= Solfège =

Musical pitch reference system

In music, solfège (/ˈsɔːl.fɛʒ/ or /sɑːl.ˈfɛʒ/; /fr/) or solfeggio (/sɒl.ˈfɛ.dʒi.oʊ/; /it/), also called sol-fa, solfa, solfeo, among many names, is a mnemonic used in teaching aural skills, pitch and sight-reading of Western European music.

Solfège is a form of solmization, although the two terms are sometimes used interchangeably. Syllables are assigned to the notes of the scale and assist the musician in audiating, or mentally hearing, the pitches of a piece of music, often for the purpose of singing them aloud.

Throughout the Renaissance (and much later in some shapenote publications), various interlocking four-, five- and six-note systems were employed to cover the octave. The tonic sol-fa method popularised the seven syllables commonly used in English-speaking countries: do (spelt doh in tonic sol-fa), re, mi, fa, so(l), la, and ti (or si) (see below).
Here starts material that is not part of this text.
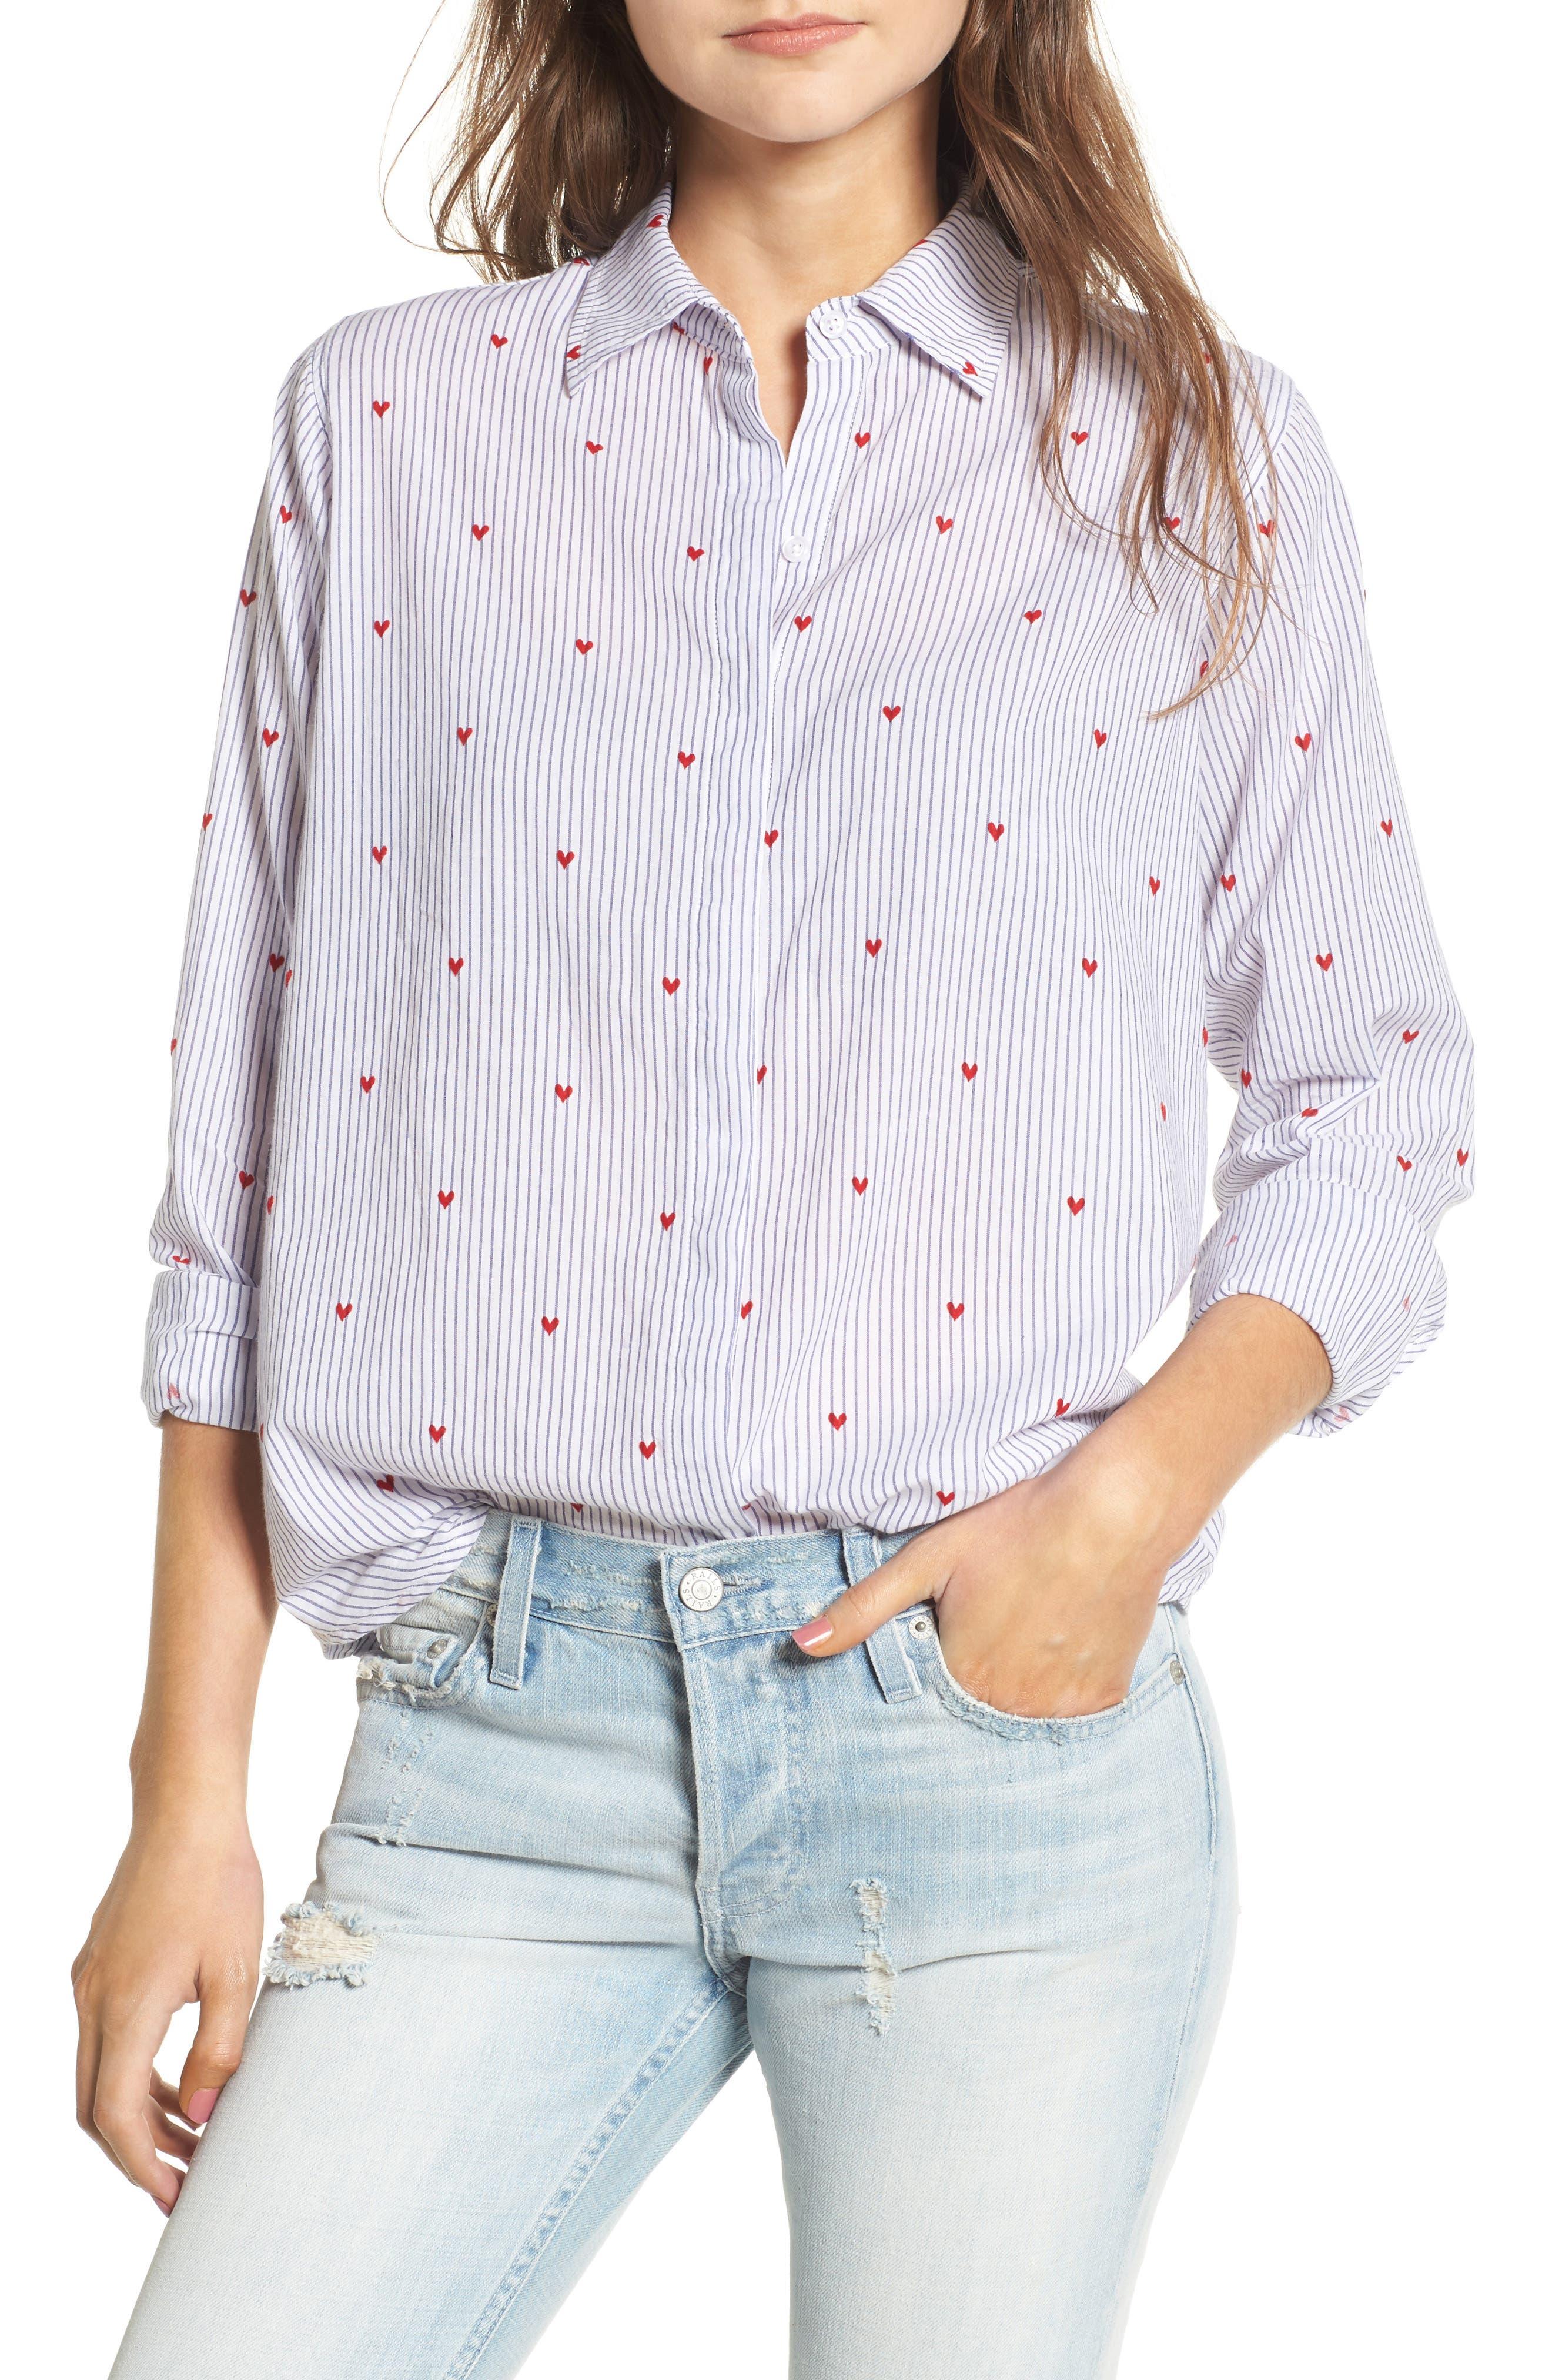 Taylor Heart Stripe Shirt,                             Main thumbnail 1, color,                             400

There are two current ways of applying solfège: 1) fixed do, where the syllables are always tied to specific pitches (e.g., "do" is always "C-natural") and 2) movable do, where the syllables are assigned to scale degrees, with "do" always the first degree of the major scale.

==Etymology==

The words solfège and solfeggio both derive from the names of two of the syllables used: sol and fa.

The generic term "solmization", referring to any system of denoting pitches of a musical scale by syllables, including those used in India and Japan as well as solfège, comes from French solmisation, from the Latin solfège syllables sol and mi.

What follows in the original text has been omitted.